RECORDED INFORMATION
- Opening Delimiter -
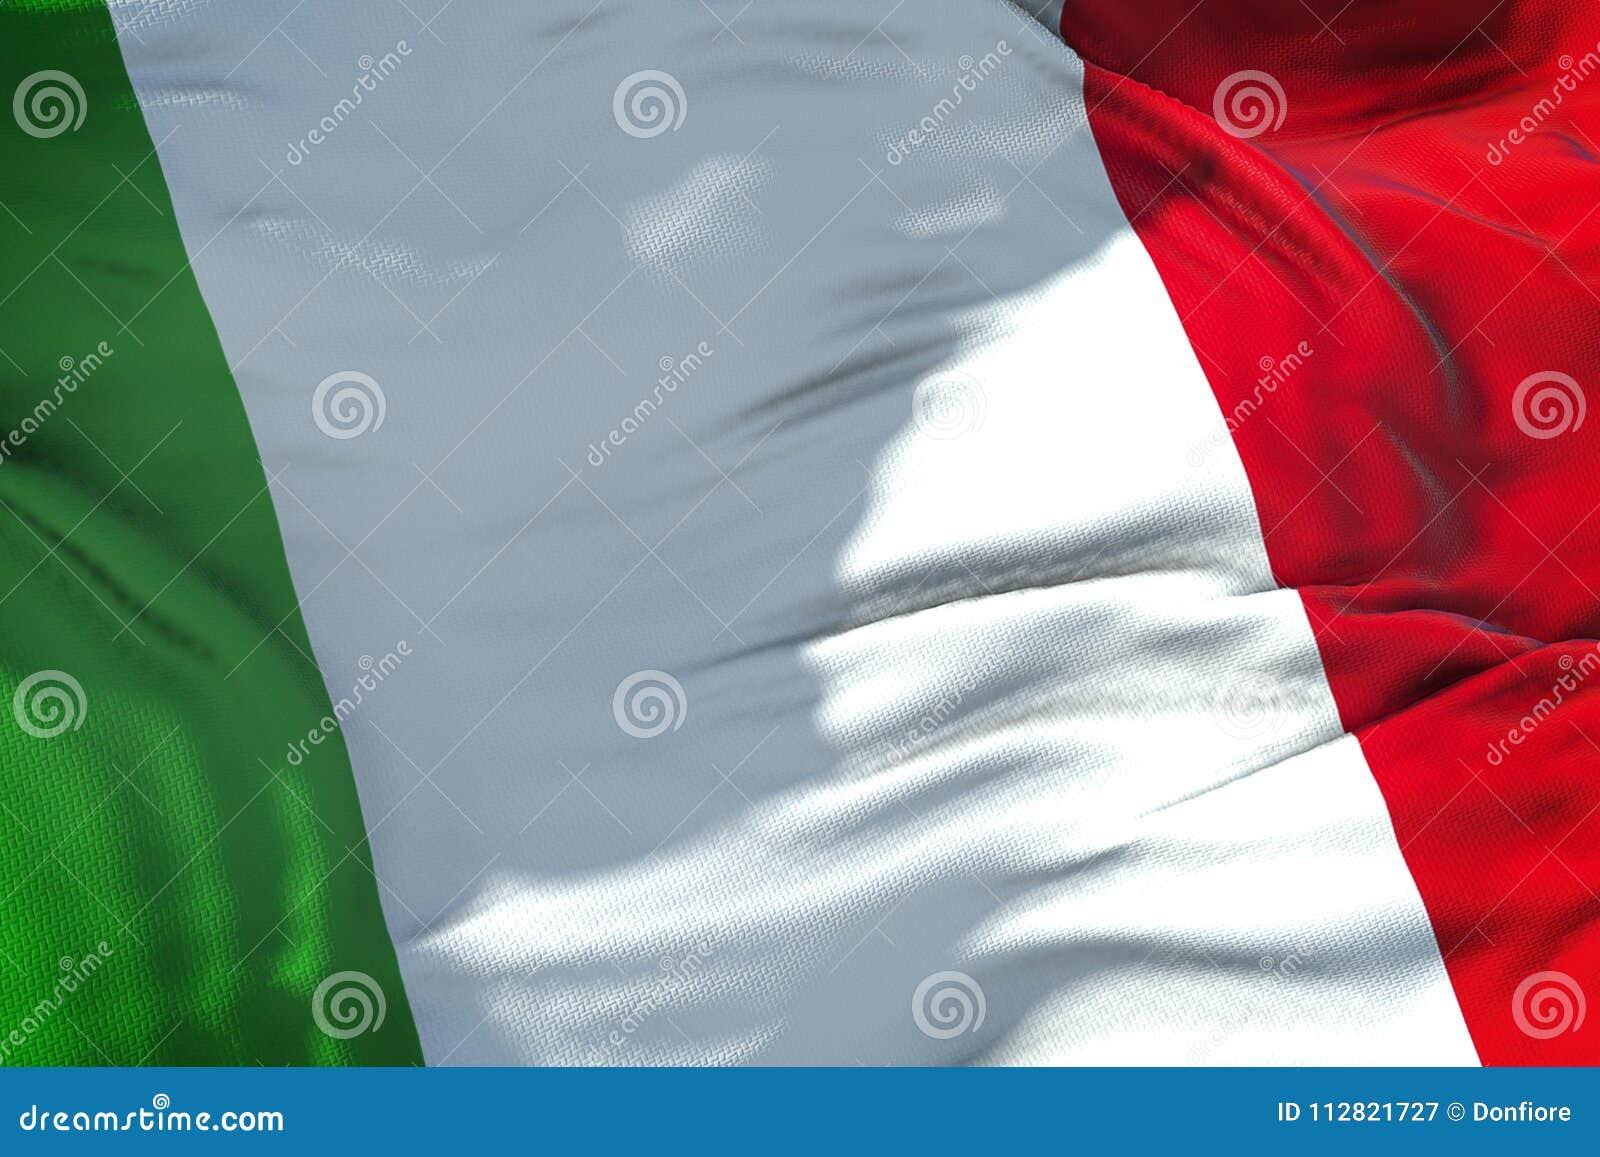 Σύσταση υφάσματος κυματισμού της σημαίας της Ιταλίας, ιταλικό εθνικό ελαφρύ κτύπημα
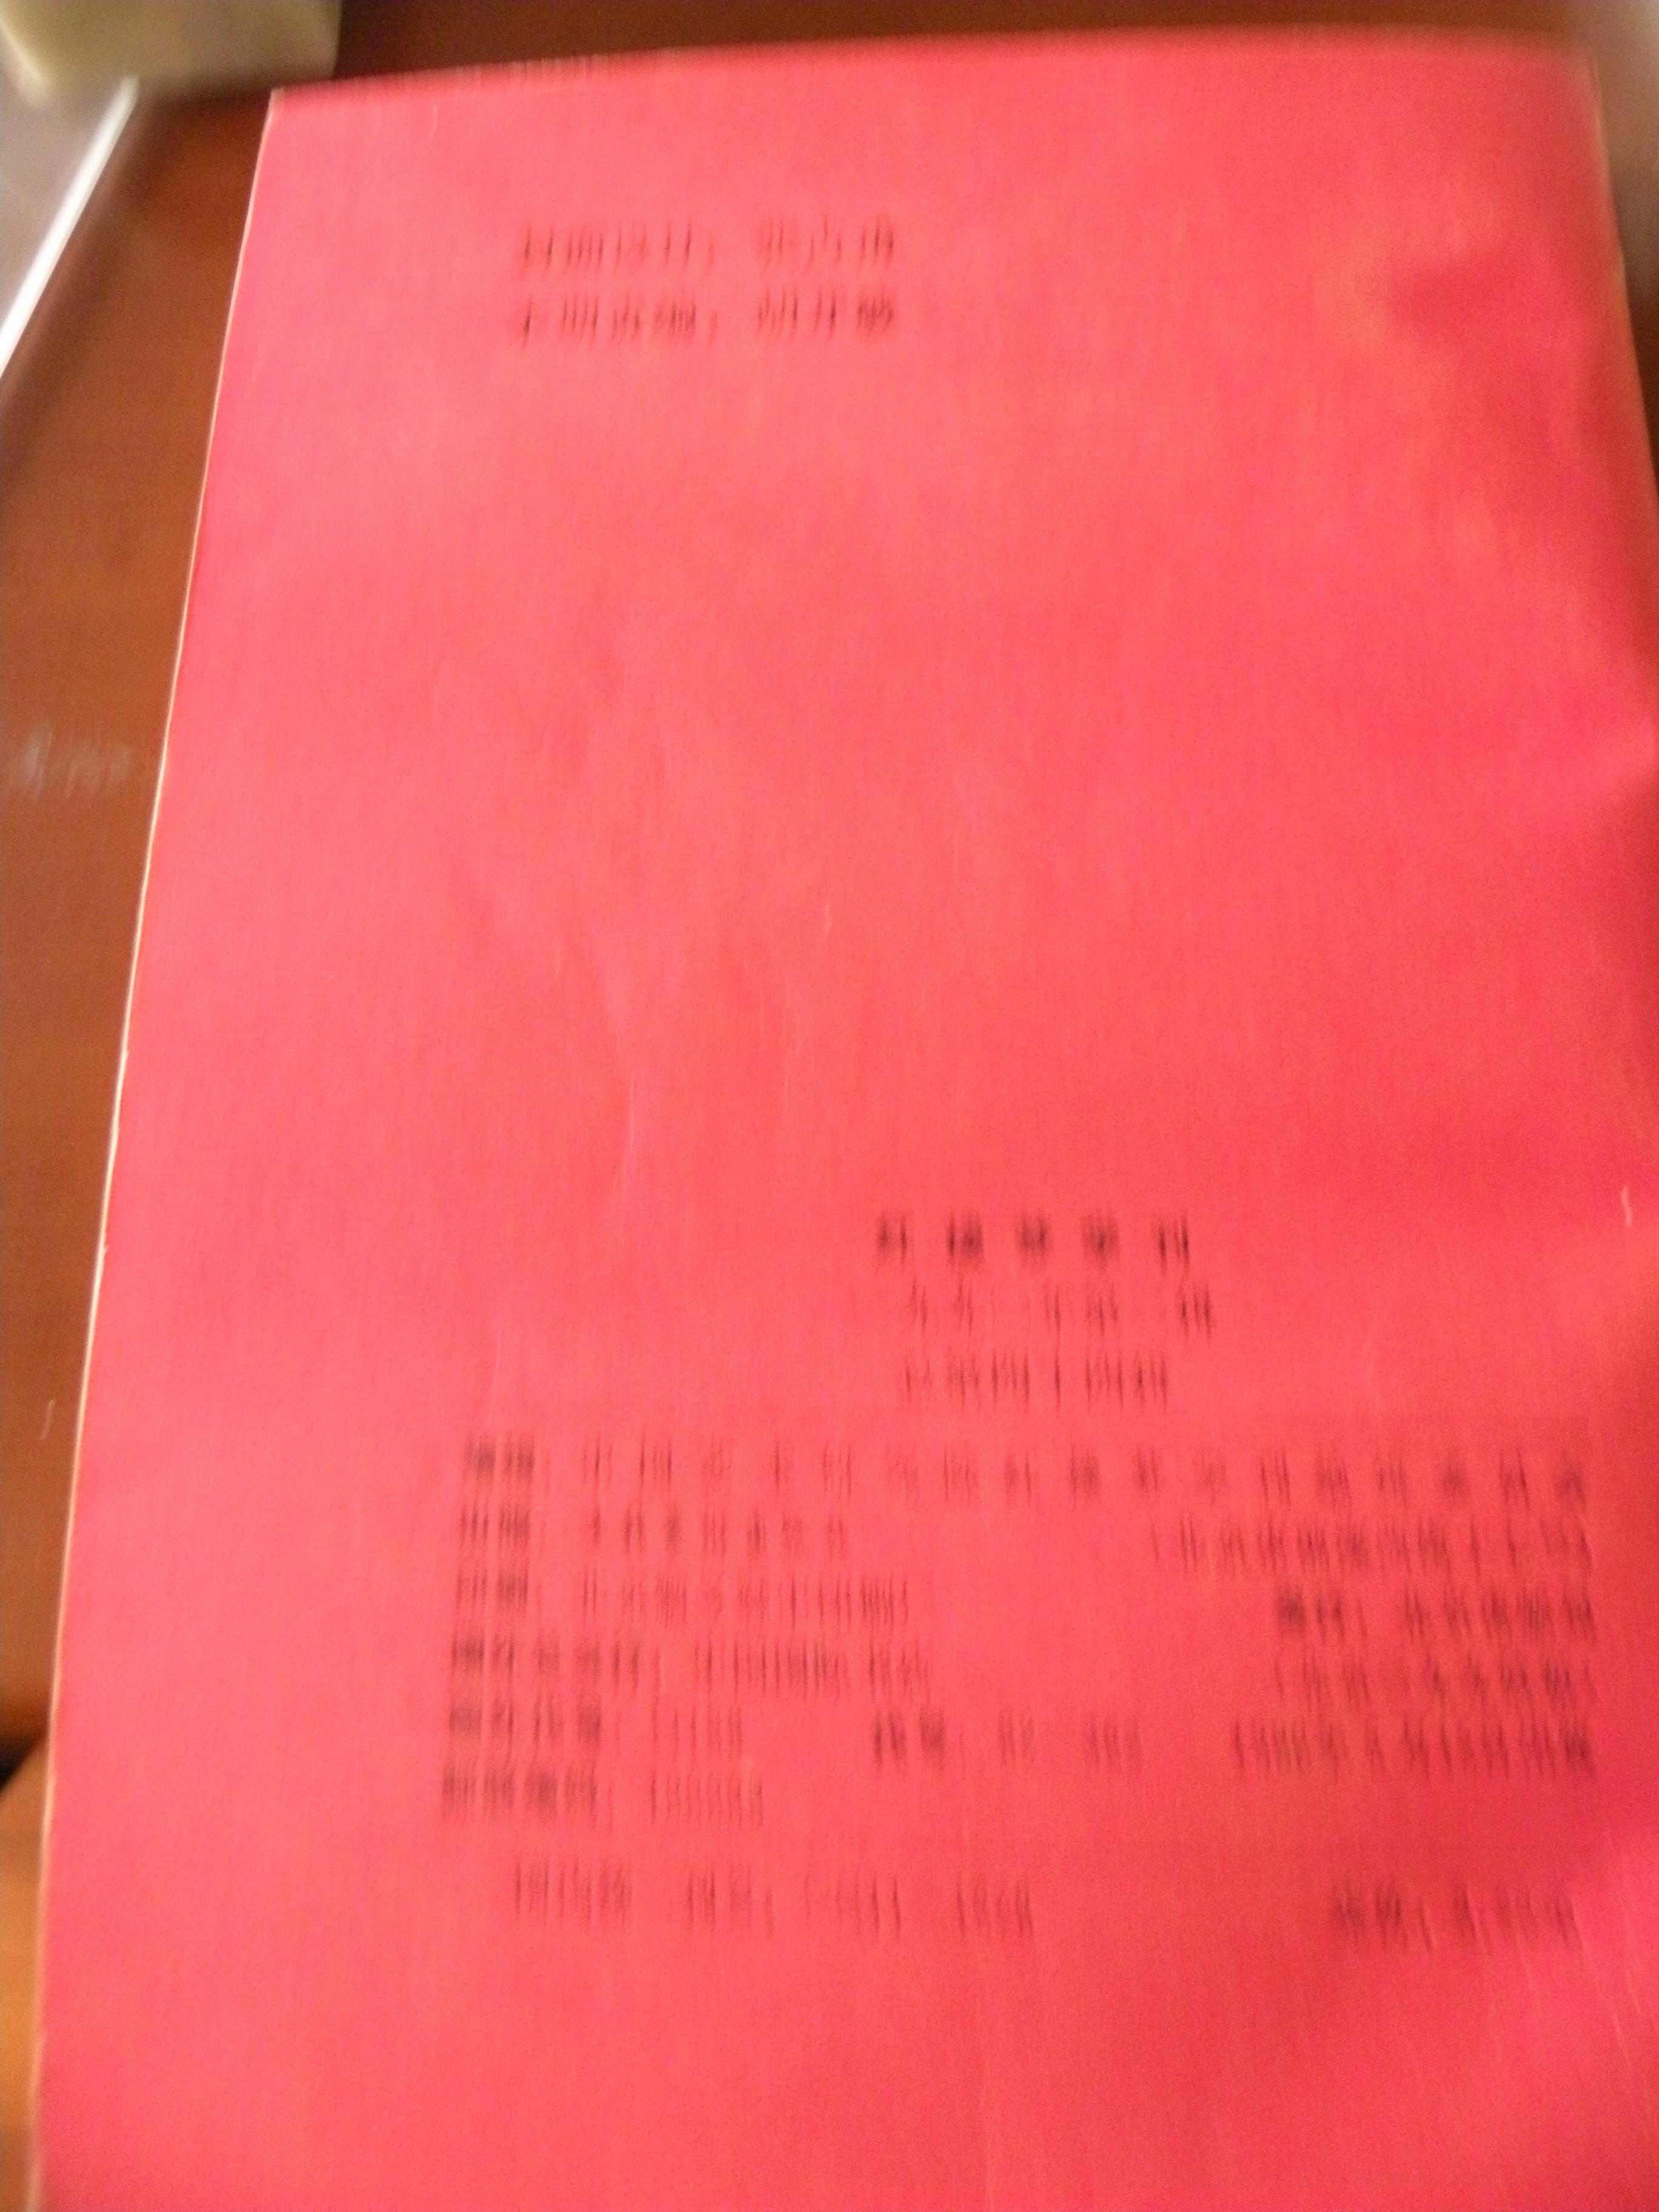 DSCN9375.JPG
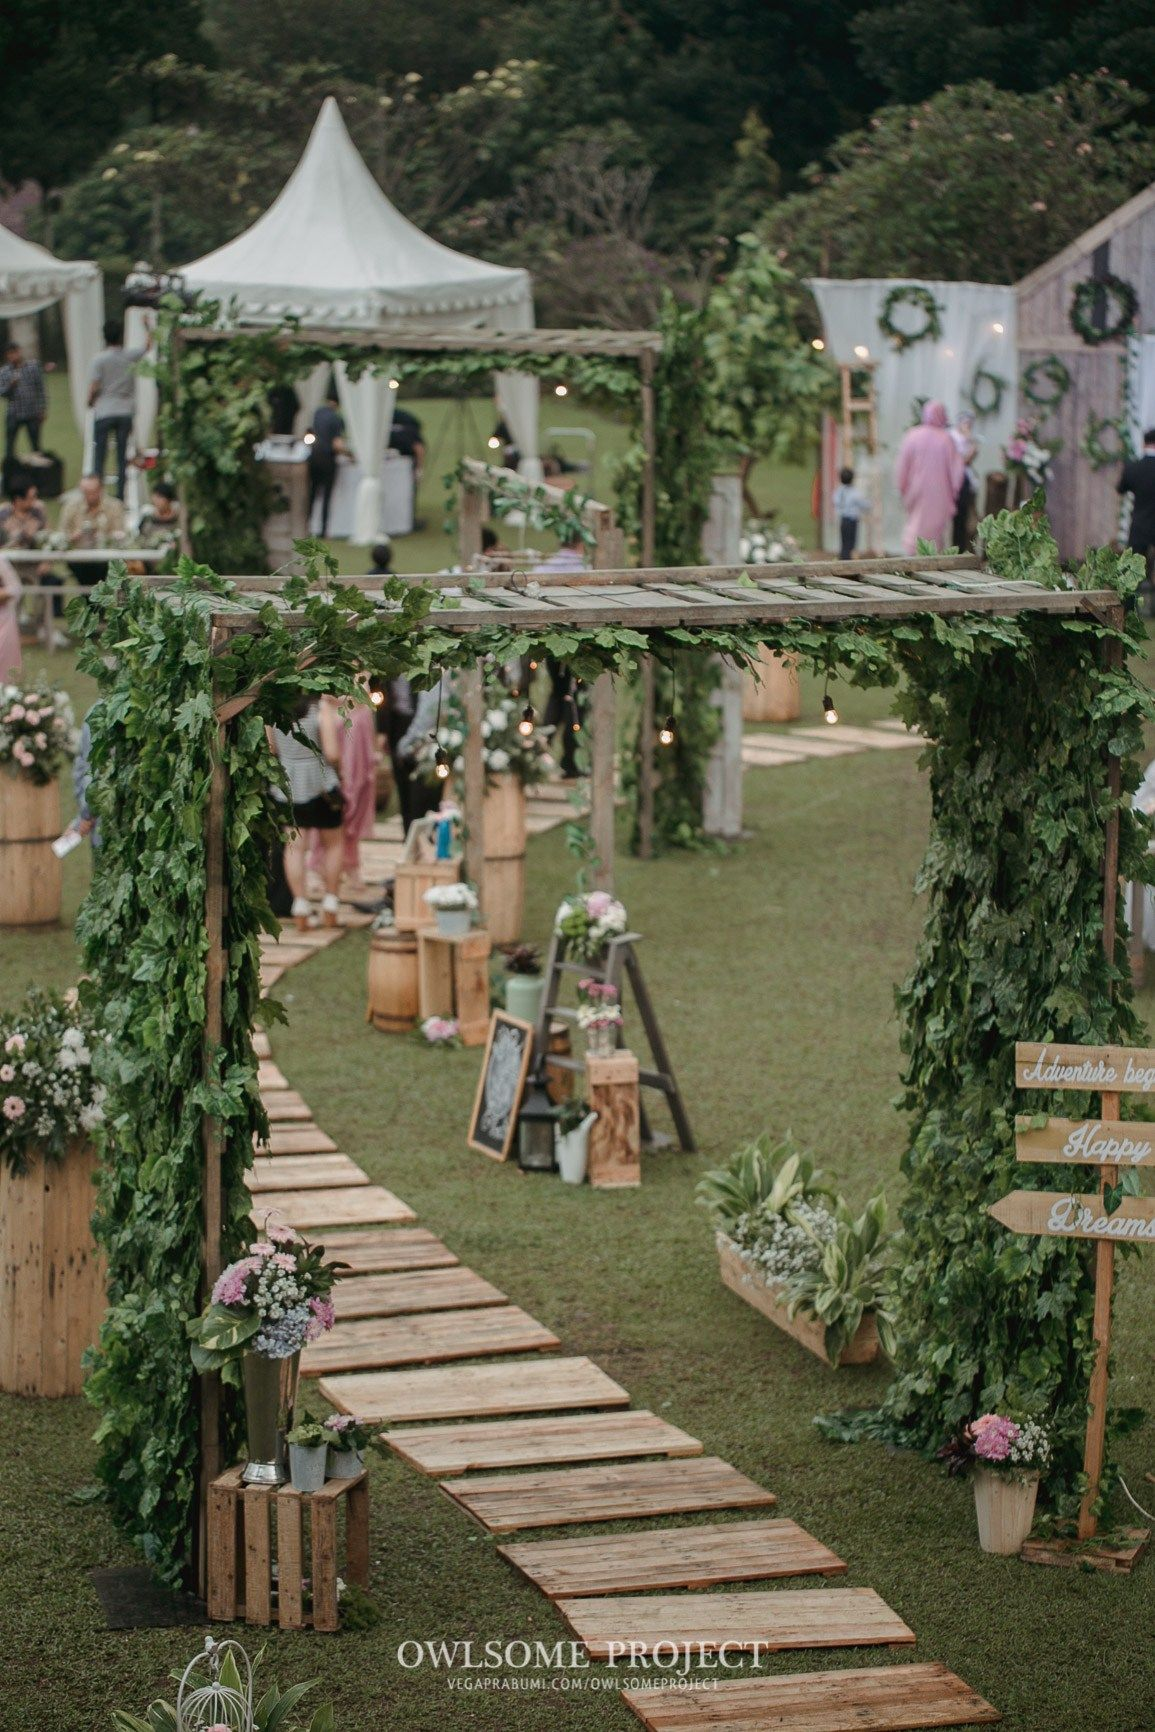 Pernikahan outdoor ala dhanita dan erik di bumi sangkuriang pernikahan outdoor ala dhanita dan erik di bumi sangkuriang owlsome of junglespirit Image collections
- Closing Delimiter -
TASK INSTRUCTIONS
Reproduce the data in full. Do not carry over any picture.

REPLY
 Σύσταση υφάσματος κυματισμού της σημαίας της Ιταλίας, ιταλικό εθνικό ελαφρύ κτύπημα
 DSCN9375.JPG
 Pernikahan outdoor ala dhanita dan erik di bumi sangkuriang pernikahan outdoor ala dhanita dan erik di bumi sangkuriang owlsome of junglespirit Image collections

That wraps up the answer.